There’s an undercurrent to all this: the more repressive a regime, the less tolerant it tends to be of any variation to the social model of the heterosexual couple. With Hong Kong no longer enjoying British Crown colony status since being handed back to the Chinese in 1997 and moving slowly but inexorably towards the more repressive, totalitarian Chinese socio-political model, social forces pushing for traditional sexual mores take on a political edge while LGBTQ people’s lives are made increasingly difficult.

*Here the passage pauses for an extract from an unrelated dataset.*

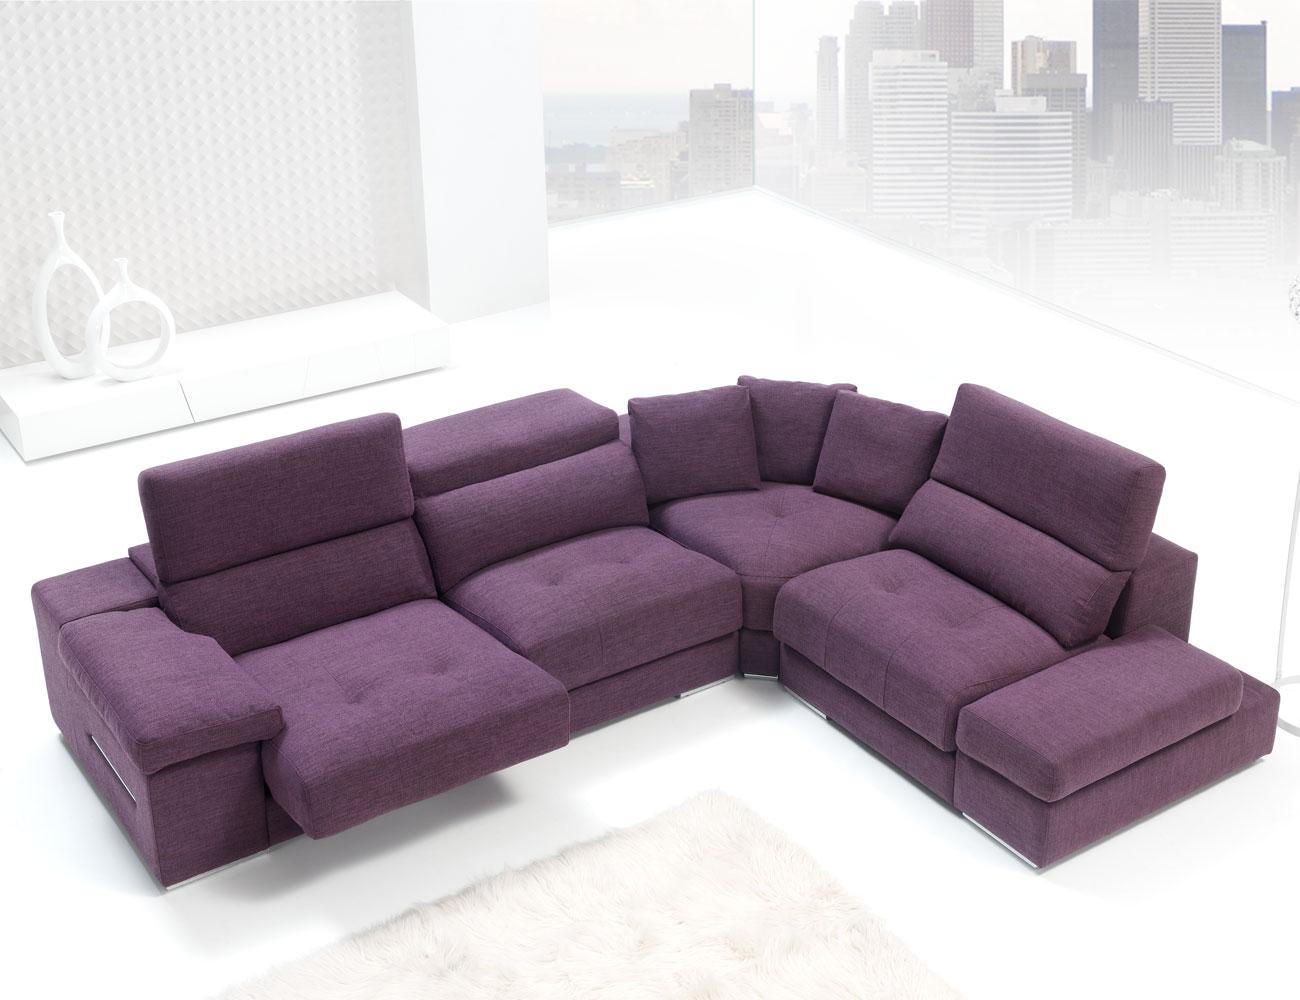 Sofa chaiselongue rincon con brazo mecanico tejido anti manchas 25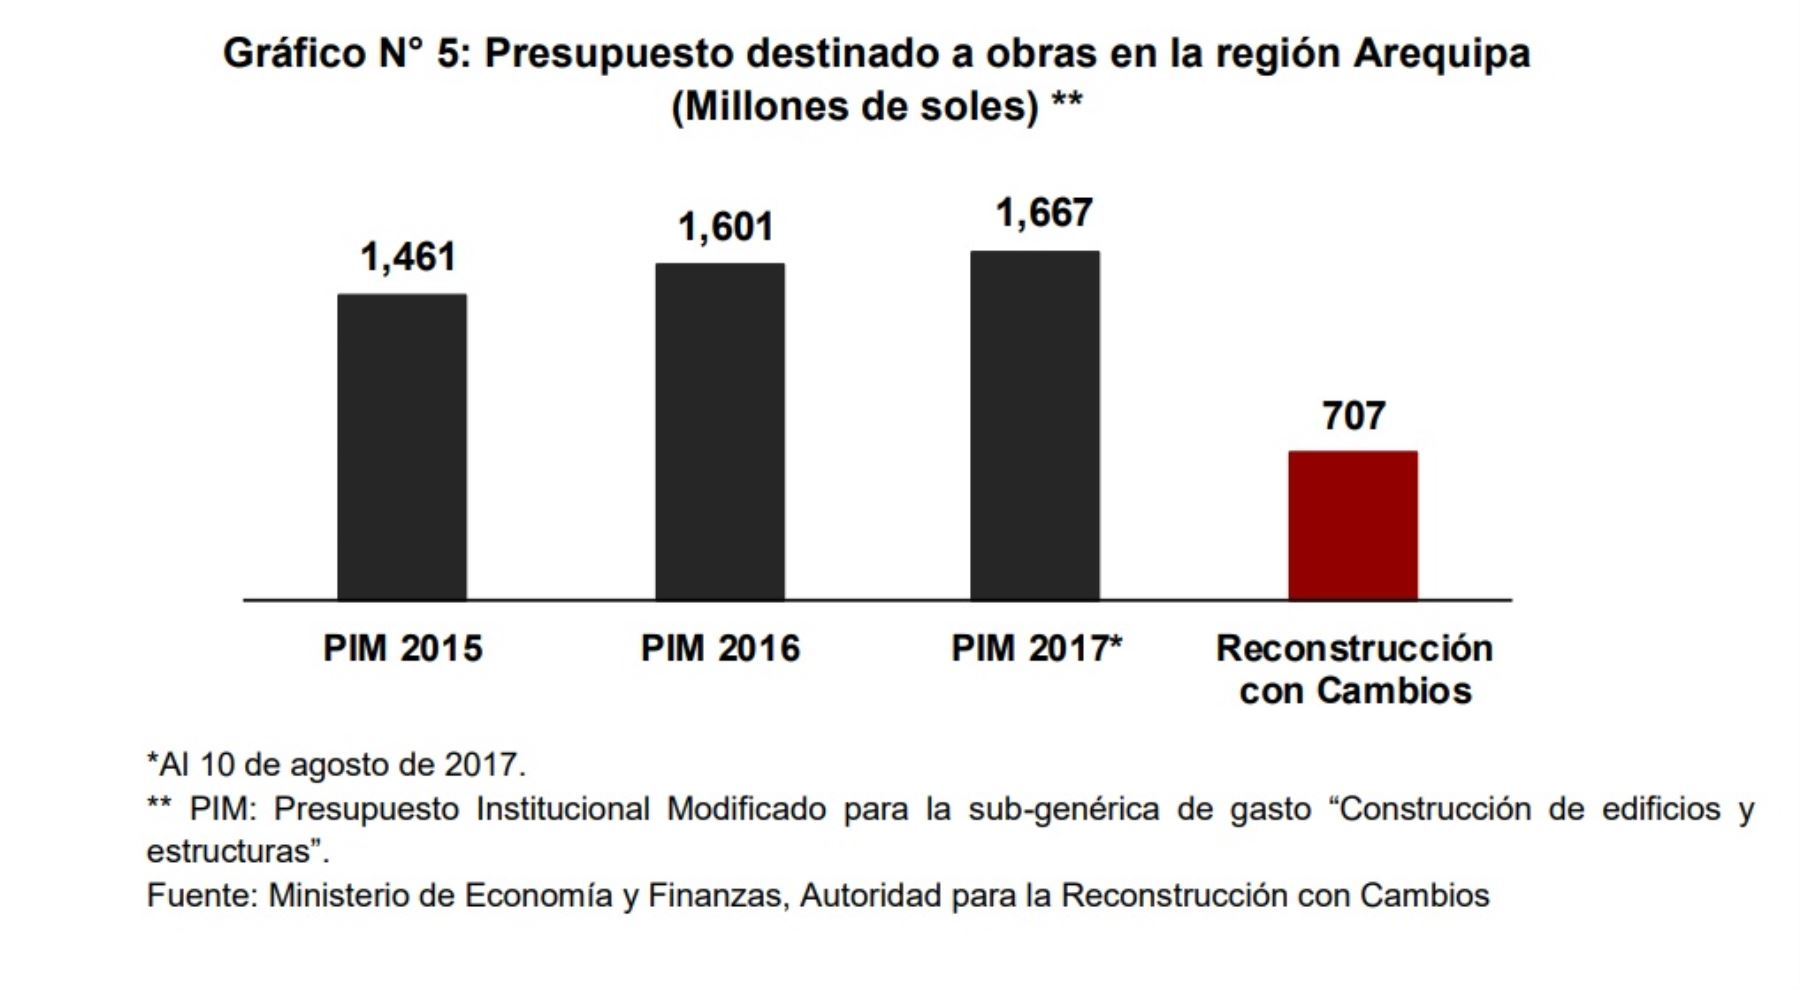 Presupuesto destinado a obras en la región Arequipa.

This is present in the narrative in terms of the hostile and conservative wife and son, with more sympathetic views represented by the three friends and the deceased’s partner, the lawyer the hire and – in a surprising turn up events – the son’s girlfriend. Aside from the legal battle waging over the ashes somewhere at the edge of the script, the state is relegated to a fairly minor player while immediate family and friends have a much greater role in the drama that plays out. But then Hong Kong movies, even back in 2018 when this was released, have always had to be very careful about what (if any) political issues they tackled and how they tackled them.

That said, the film is thoroughly engrossing from start to finish with memorable performers from its ensemble cast. Even the three youth actors seen intermittently in dream flashback are well cast in that the viewer believes they and the adults playing their grown up selves are the same people (this sounds obvious, but believably casting characters played by two or more actors at different stages in those characters’ lives is a tough act to pull off successfully in a film, sadly, so any film that gets this right is to be commended).

That Tracey covers a whole range of sexual lifestyles is impressive, as is its managing to engross and entertain its audience while in the process being sympathetic to a wide range of views on the subject. Perhaps the last word should go to Anne who, when her husband implores her that the panties found in his pocket don’t mean he’s been cheating on her with another woman, comments to him sharply, “I rather wish you had.”

Footnote: The minor part of Tai-hung’s sister is played by Ivy Pang Ngan-ling of Old Man And A Dog (Ryan Chan Hon-yan, 2019).

Tracey screened online in the UK as part of Focus Hong Kong 2021 Easter from Wednesday, March 31st to Tuesday, April 6th.